Dahl understood the most important ingredient in long lasting children's literature- appealing to adults as well. Children love story time, an activity that is guided by their parents or teachers. To have a book read aloud, the person reading has to get some amount of joy from it. By not being afraid of witty wordplay and advanced words, Dahl bridged the gap between parents and children. He wrote more about kids and less at or for kids which gave him an undeniable authenticity in his prose.

His work proved another thing about his character- he remembered being a child. Because of this, he was able to play off of the unique situations children find themselves in every day that have faded from the adult mind. Like a child, he uses physicality to build personality. Though not always true, children see the ugly as the immoral and the tall, towering as powerful. Repeatedly, his books tackle when adults abuse their places. By giving his quiet, child protagonists both larger than life and realistic monsters to slay, he touches on what children want most, empowerment and control of their situation, all while putting on a technicolor, imagination-sparking show. Behind they're layers of awe and humor, there are themes to make you think and question a world that could inspire these charictatures.

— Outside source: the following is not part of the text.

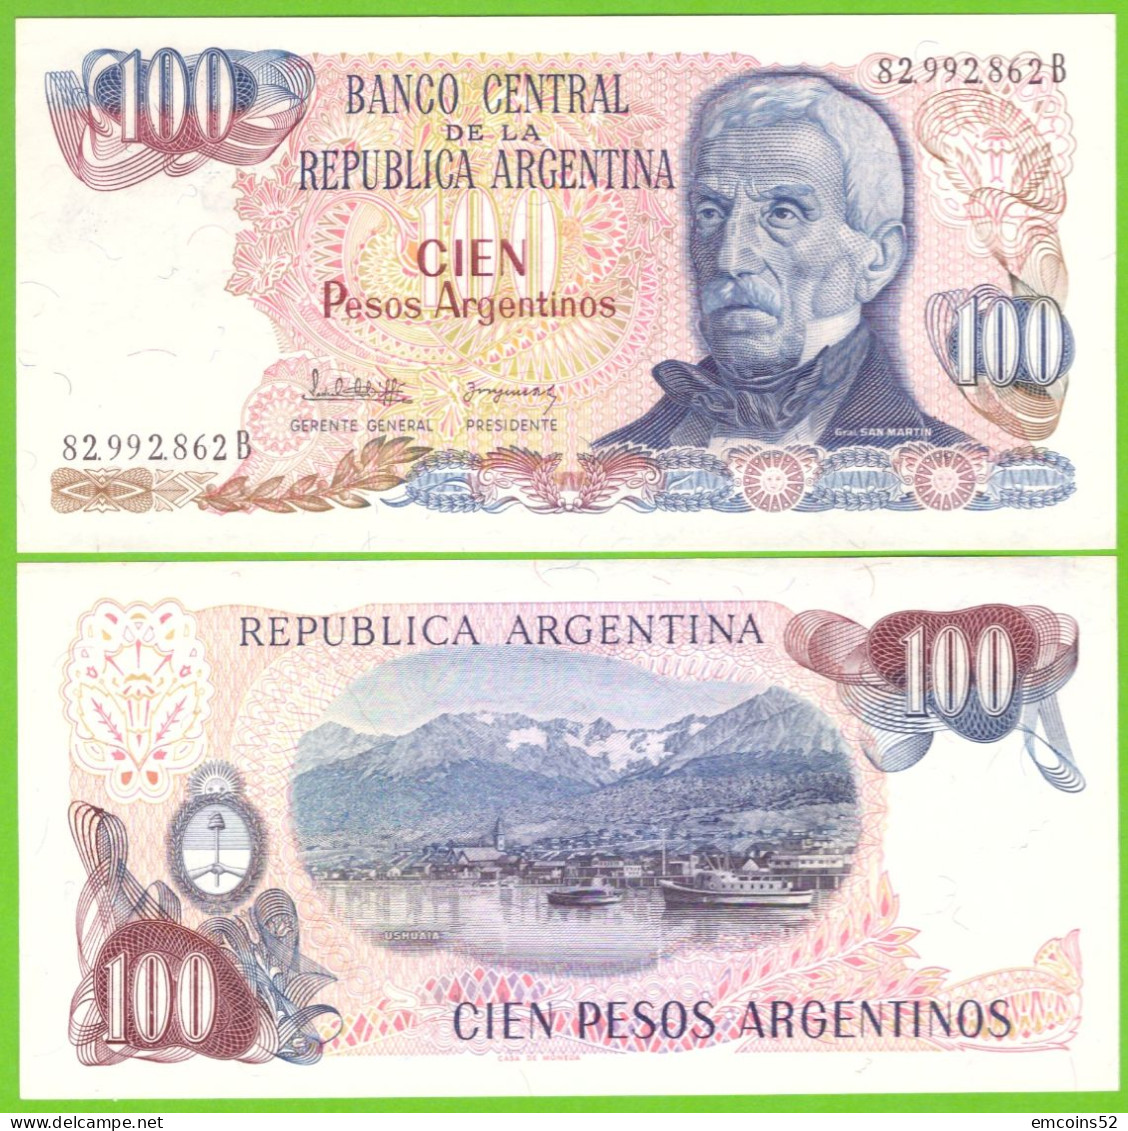 ARGENTINA 100 PESOS ND 1983/1985 P-315a(1) UNC - Argentine

Though not every adult is the villain. In what I think is his most thought provoking novel, Charlie and the Chocolate Factory, Wanka is an unfortunate hero in the story. He's a man troubled by an emptiness he can't fulfill, and the factory is an expectation he can't live up to. Where Charlie triumphs is over the poverty crushing his family and helping Wanka see past the grader he's come to see as a fulfilling life. As an older reader of Dahl, I realize just how much nuance went into every fantastic world, and I better understand what made me check out Charlie and the Chocolate Factory so often it was practically mine.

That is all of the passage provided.